Great Western Fin. Securities Corp. (1996) 14 Cal.4th 394, 413.)
While there
is no single test for establishing waiver, the relevant factors include: (1) whether the party's actions are inconsistent
with the right to arbitrate; (2) whether the litigation machinery has been
substantially invoked and the parties were well into preparation of a lawsuit
before the party notified the opposing party of an intent to arbitrate; (3) whether
a party either requested arbitration enforcement close to the trial date or
delayed for a long period before seeking a stay; (4) whether a defendant
seeking arbitration filed a counterclaim without asking for a stay of the
proceedings; (5) whether important intervening steps (e.g., taking advantage of
judicial discovery procedures not available in arbitration) had taken place;
and (5) whether the delay affected, misled, or prejudiced the opposing party. (See Saint Agnes Med.

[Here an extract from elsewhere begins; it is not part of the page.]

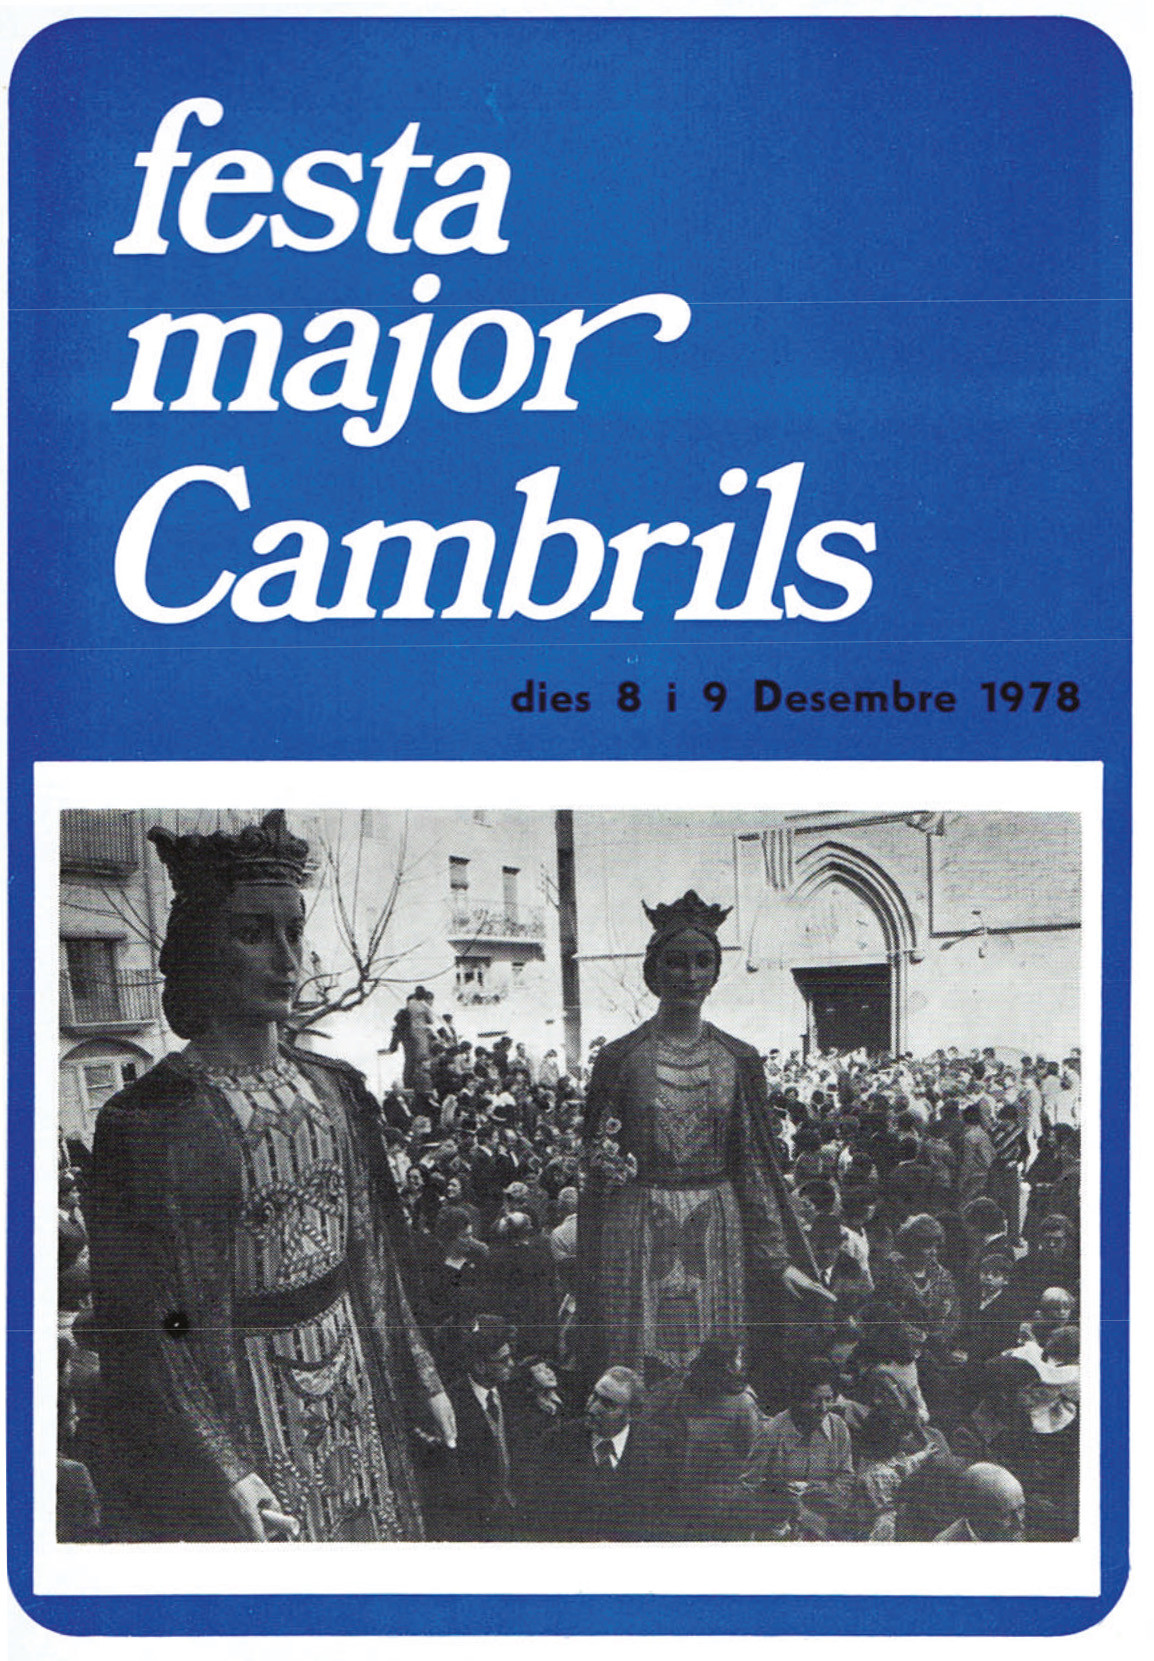 festa major immaculada cambrils 1978

Ctr. v. PacifiCare
of Calif. (2003) 31 C4th 1187, 1203.)
The presence or absence of prejudice from the litigation is a
determinative issue. (Id.
at 1203–1204.)
Any claim
that the right to arbitration has been waived is reviewed with close judicial
scrutiny. (Id. at 1195.) “Although a court may deny a petition to
compel arbitration on the ground of waiver (§ 1281.2, subd. (a)), waivers are
not to be lightly inferred and the party seeking to establish a waiver bears a
heavy burden of proof.” (Id.) Any doubts concerning the scope of arbitrable
issues should be resolved in favor of arbitration, whether the problem at hand
is the construction of the contract language itself or an allegation of waiver,
delay, or a like defense to arbitrability.
(Ericksen, Arbuthnot, McCarthy, Kearney & Walsh, Inc. v. 100 Oak
Street (1983) 35 Cal.3d 312, 320.)
“Waiver does not occur by mere participation in
litigation. As an abstract exercise in
logic it may appear that it is inconsistent for a party to participate in a
lawsuit for breach of a contract, and later to ask the court to stay that
litigation pending arbitration. Yet the law is clear that such participation,
standing alone, does not constitute a waiver, for there is an overriding
federal policy favoring arbitration. Mere
delay in seeking a stay of the proceedings without some resultant prejudice to
a party cannot carry the day.” (Adolph
v. Coastal Auto Sales, Inc. (2010) 184 Cal.App.4th 1443, 1450 (defendant
waived right to arbitrate where defendant delayed six months from filing of
complaint, defendant filed multiple demurrers, defendant accepted and contested
discovery requests, engaged in scheduling discovery, defendant failed to
indicate arbitration in CMC statement and defendant’s actions substantially
undermined plaintiff’s ability to take advantage of benefits and costs savings
of arbitration).)
Plaintiff’s claim of waiver is based solely on
Defendants’ delay in seeking arbitration.
Plaintiff argues Defendant served the motion fifteen months after the
complaint was filed, stating, “[t]hat is too late,” and grounds for waiver
under CCP § 1281.2(a). Defendant demurred to the complaint, failed to indicate
in the CMC statement that he intended to seek arbitration, and only sought
arbitration after a trial date was set.
These facts support a finding of delay.
However, delay alone is insufficient to find waiver
Plaintiff
also makes no showing as to prejudice. Delay
that does not prejudice the other party does not support a finding of waiver.
Moreover,
Defendant’s actions merely indicate he participated in litigation. Plaintiff fails to establish that the parties
have substantially invoked the litigation machinery. Defendant did not engage
in multiple rounds of demurrers, nor has Plaintiff demonstrated that either
party has engaged in any discovery. Defendant
did not file a counterclaim seeking any affirmative relief. The
motion to compel arbitration was filed on 7-21-23, and no trial date has been
set. Plaintiff has not met its burden show Defendant waived its right to compel
arbitration.
Defendant Bird Rides’ Motion
to Compel Arbitration of All Claims Against Bird Rides, Inc. and Stay this
Action Pending Arbitration is GRANTED. The action is stayed pursuant to
CCP §1281.4 pending completion of arbitration.